- [Instructions for the task] Could you print the listing again exactly, omitting the pictures?

- [Data below]

____________________

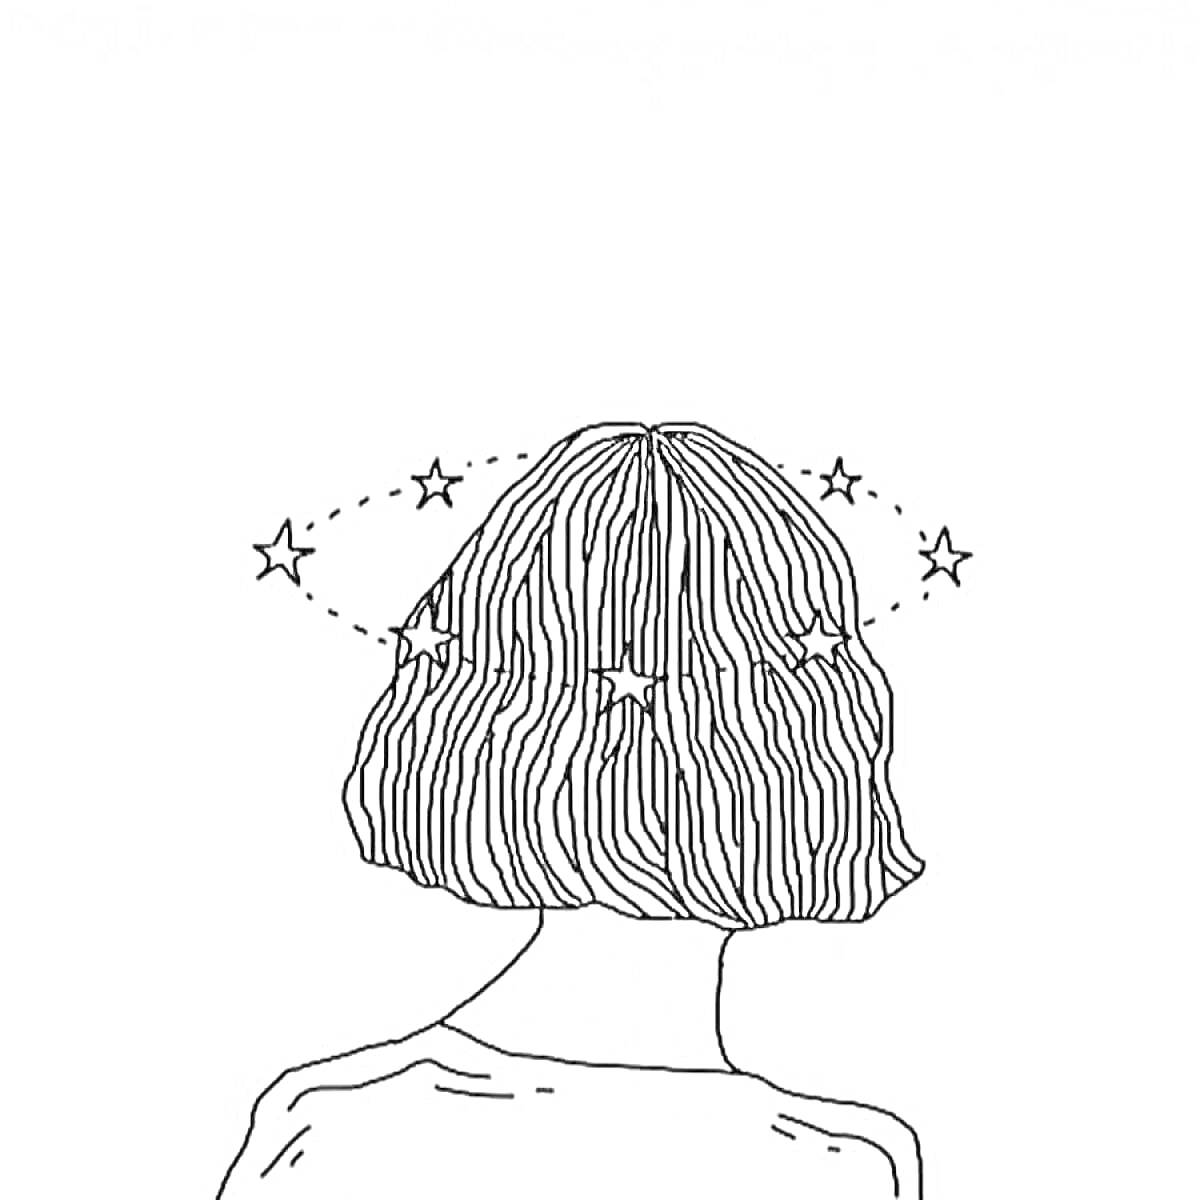 Раскраска Силуэт человека с короткими волнистыми волосами и звездами вокруг головы
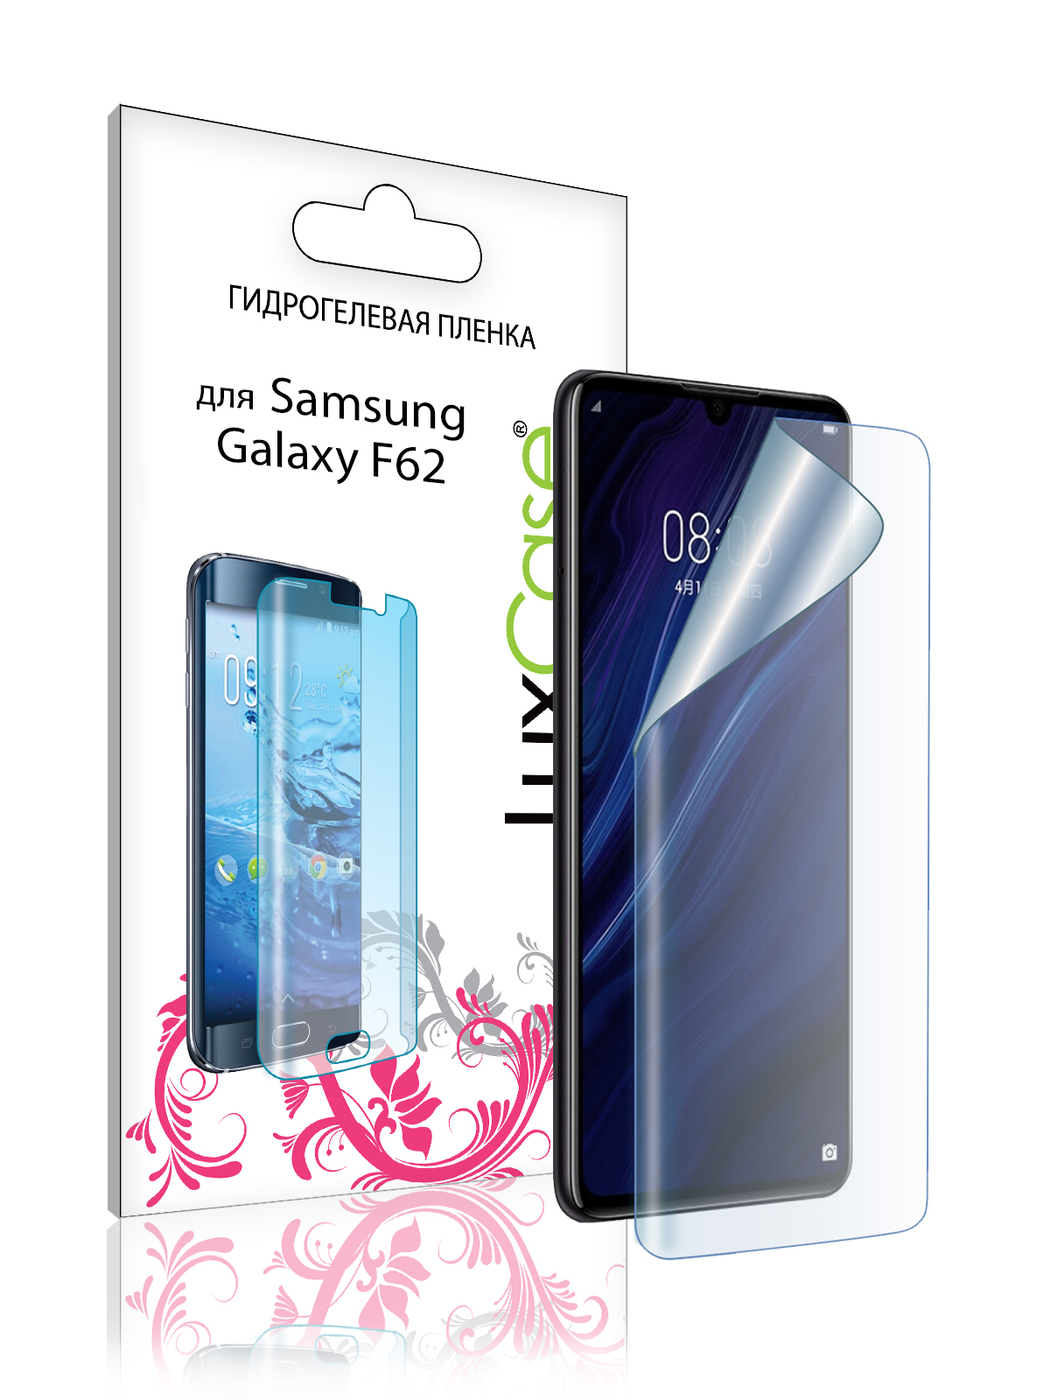 Пленка гидрогелевая LuxCase для Samsung Galaxy F62 0.14mm Front Transparent 86177 пленка на заднюю панель luxcase для samsung galaxy f62 0 14mm transparent 86178
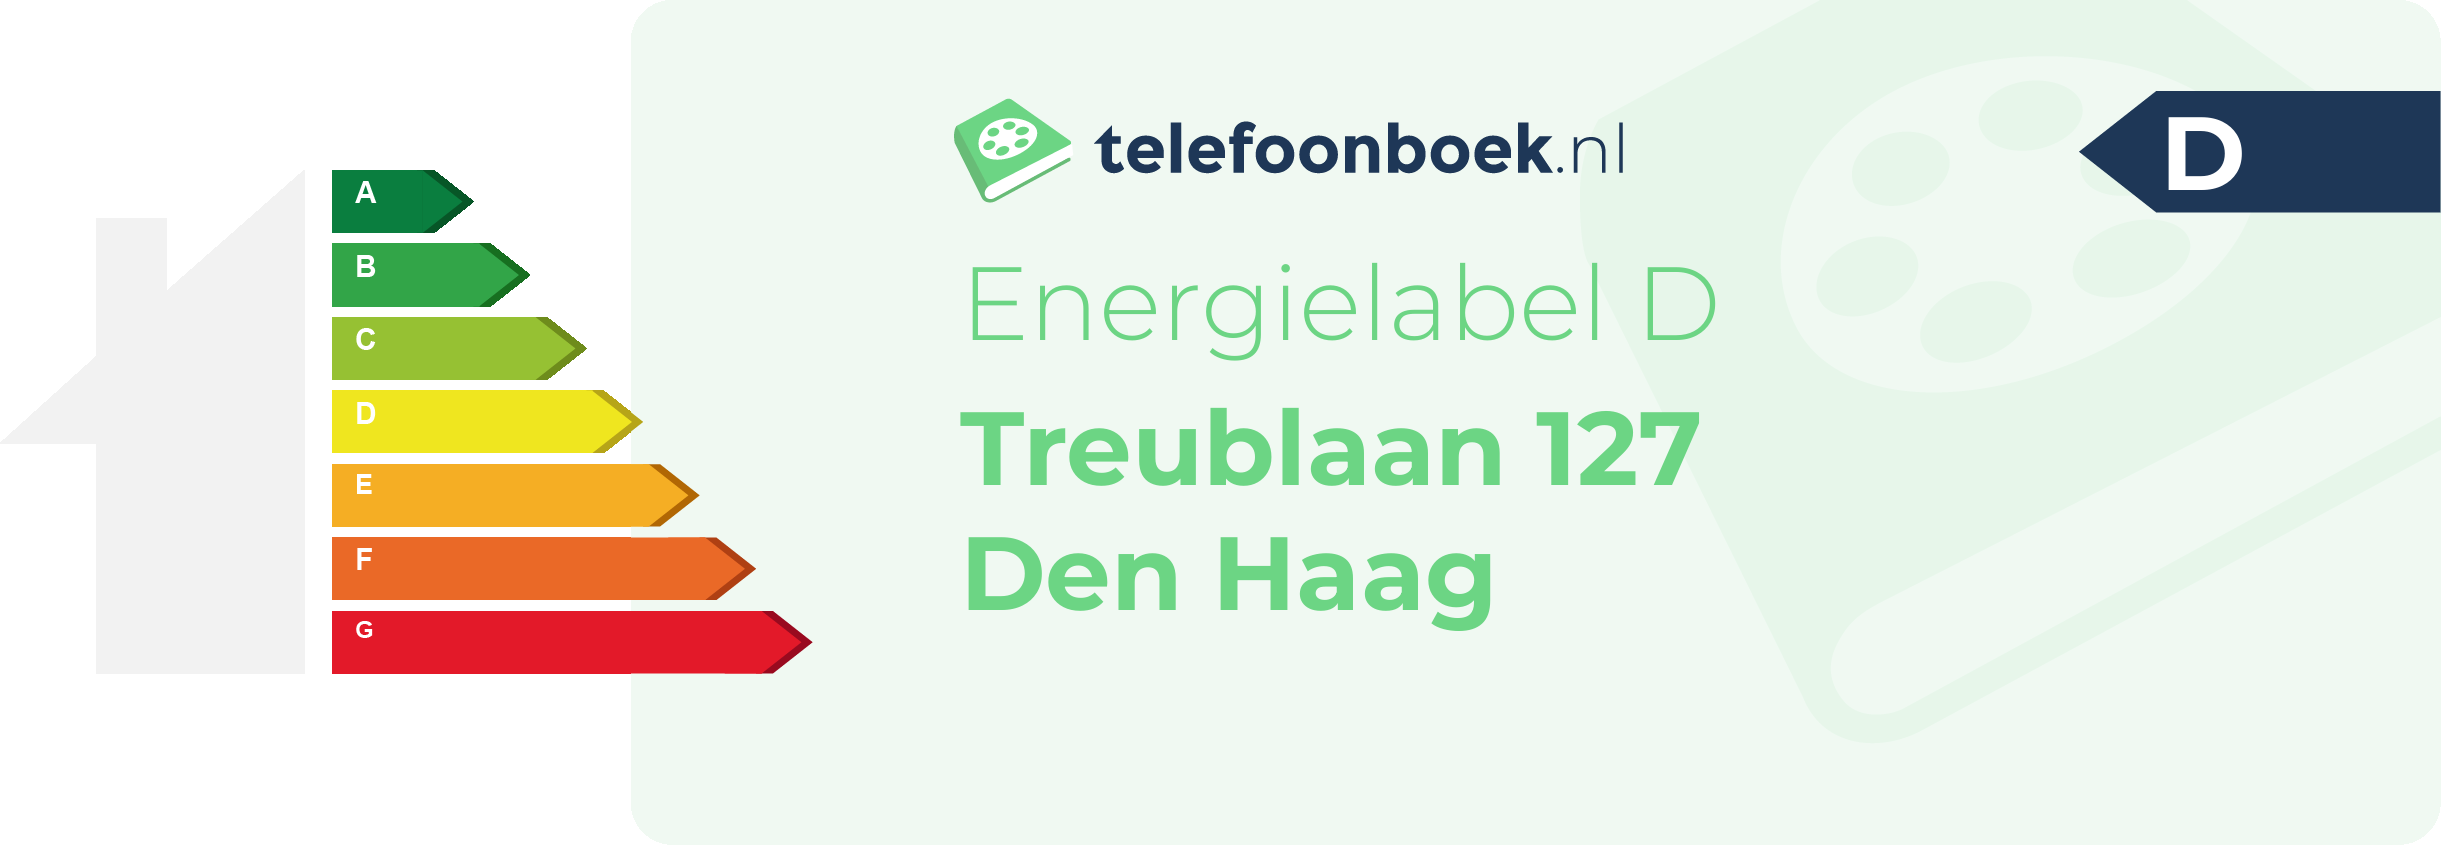 Energielabel Treublaan 127 Den Haag

____________________

- [Task response]
 Раскраска Силуэт человека с короткими волнистыми волосами и звездами вокруг головы
 Пленка гидрогелевая LuxCase для Samsung Galaxy F62 0.14mm Front Transparent 86177 пленка на заднюю панель luxcase для samsung galaxy f62 0 14mm transparent 86178
 Energielabel Treublaan 127 Den Haag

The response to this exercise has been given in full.